Maersk en andere grote rederijen hebben honderden commerciële schepen geïnstrueerd om uit de buurt te blijven van de Straat Bab al-Mandab bij Jemen, en sturen schepen op de langere route rond Afrika als reactie op aanvallen op de scheepvaart door de door Iran gesteunde Houthi-militanten.

De twee schepen onder Amerikaanse vlag, Maersk Sentosa en Maersk Kensington, voeren vanuit Salalah in Oman door de Straat Bab al-Mandab en voeren noordwaarts door de Rode Zee, volgens de gegevens van LSEG ship-tracking.

Beide schepen passeerden de zeestraat met hun AIS volgsysteem uitgeschakeld om detectie te voorkomen.

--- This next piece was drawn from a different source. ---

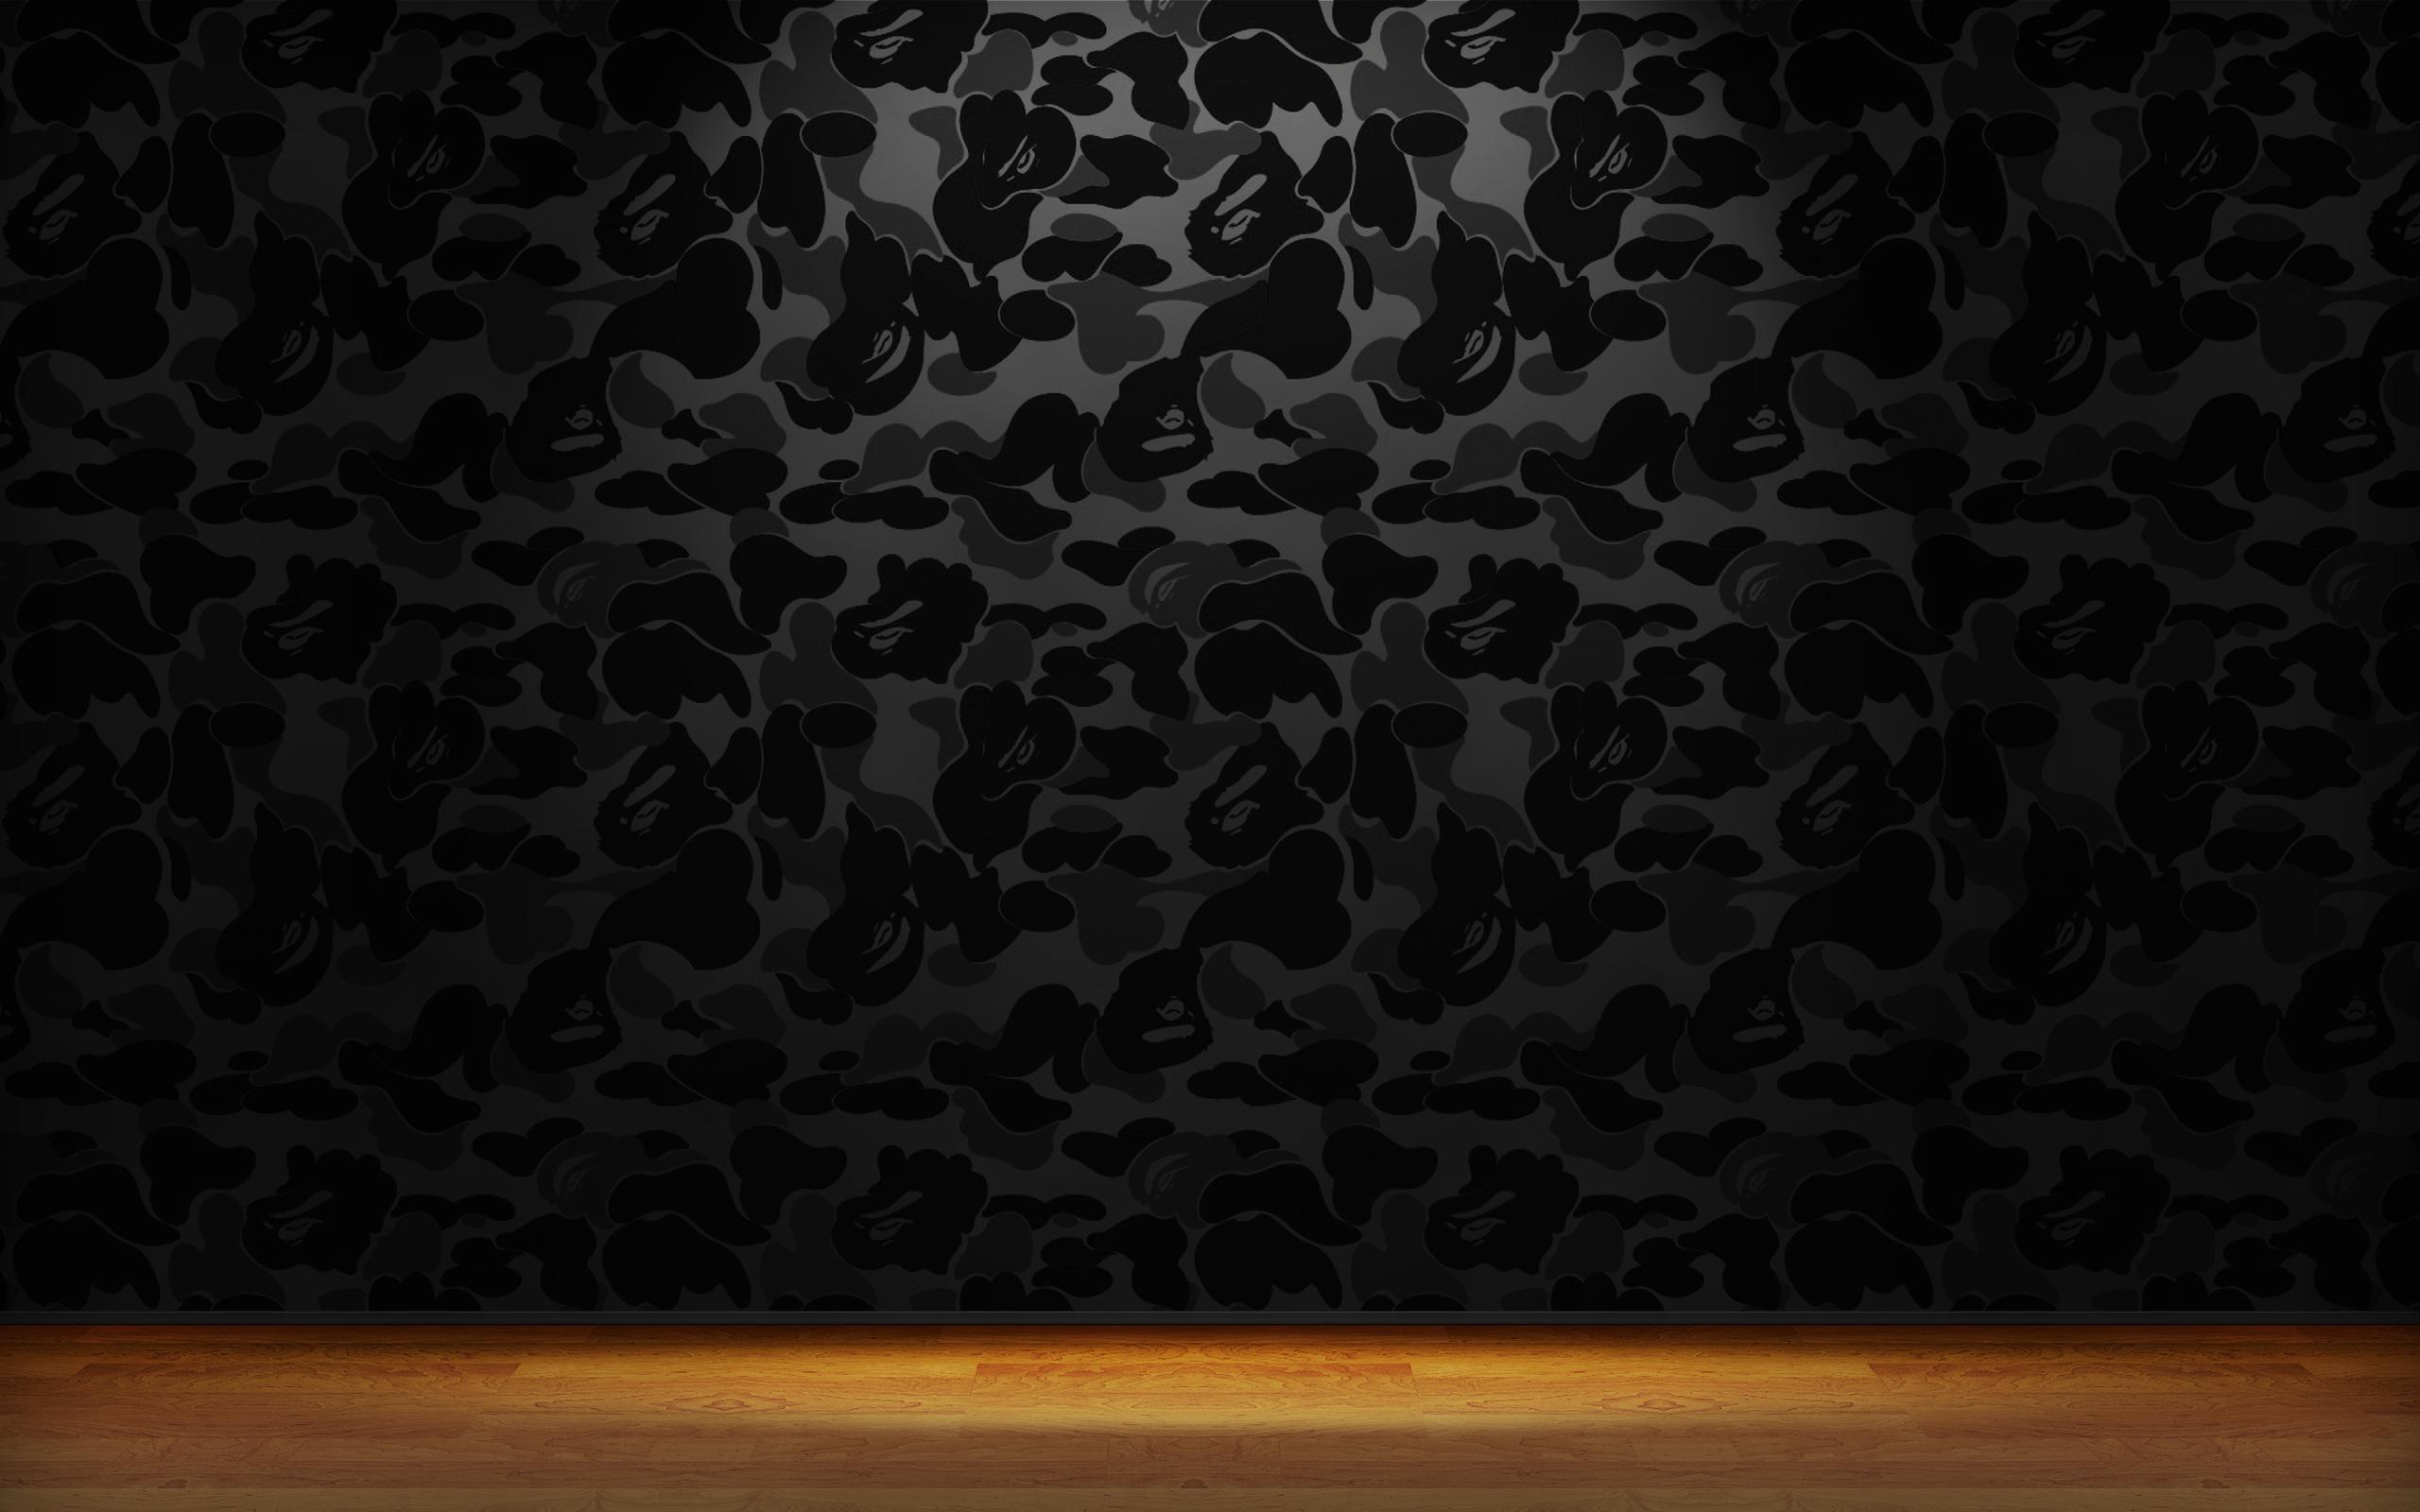 bape shark wallpaper wallpapersafari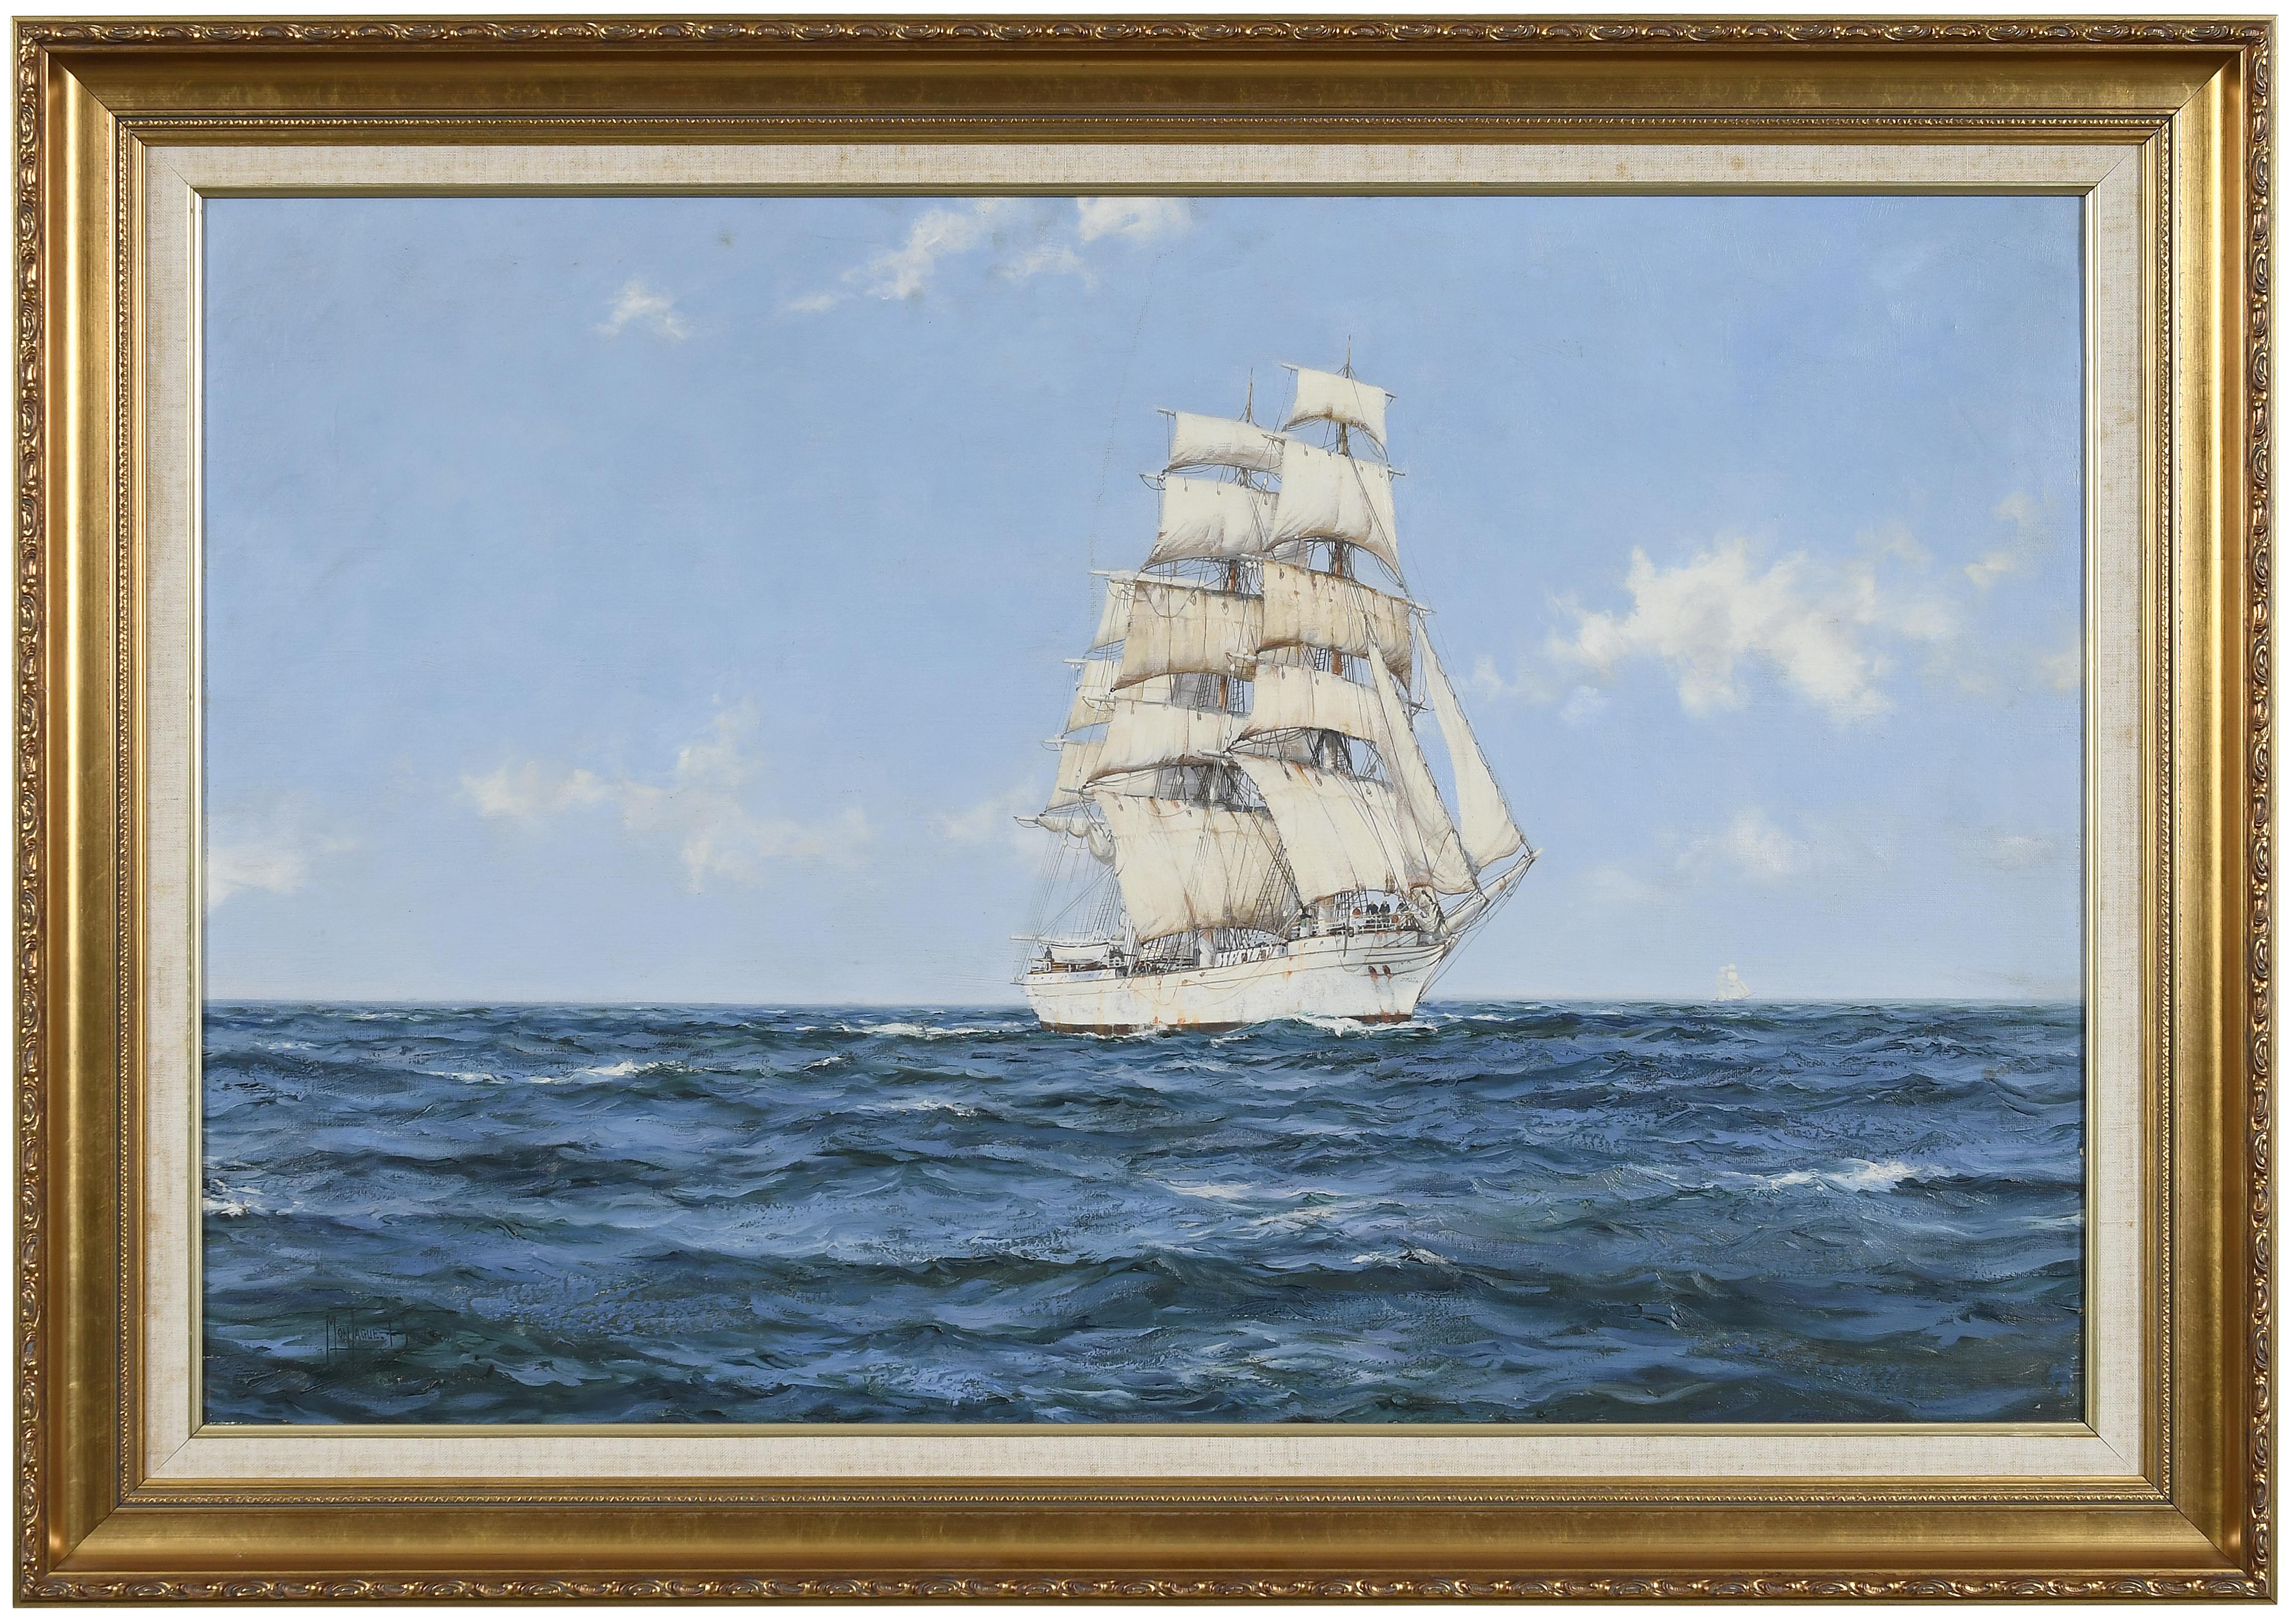 The Tall Ship at Full Sail

De Maersk Kensington dook dinsdag om 0818 GMT weer op, terwijl de Maersk Sentosa maandag om 2211 GMT de AIS had ingeschakeld, zo bleek uit de gegevens.

Maersk Sentosa en Kensington, met een capaciteit van respectievelijk 6.500 en 6.200 containers van 20 voet, maken deel uit van Maersk Line Limited, een Amerikaanse dochteronderneming van het Deense bedrijf.

Met een vloot van 20 kleinere containerschepen verscheept de eenheid goederen voor Amerikaanse agentschappen waaronder het Ministerie van Defensie, het Ministerie van Buitenlandse Zaken en USAID, aldus Maersk.

"De weinige Maersk Line Limited-schepen die de oversteek maken, doen dit in de nabijheid van Amerikaanse marineactiva, die de risico's voor de bemanningen en de lading hebben verminderd," zei Maersk in een e-mail aan Reuters.

Een door de VS geleide coalitie werd vorige maand opgericht om het commerciële verkeer in de Rode Zee veilig te stellen.

De VS en Groot-Brittannië lanceerden op 11 en 12 januari tientallen luchtaanvallen op militaire Houthi-doelen in Jemen als vergelding voor aanvallen op de scheepvaart door de Houthi-militanten.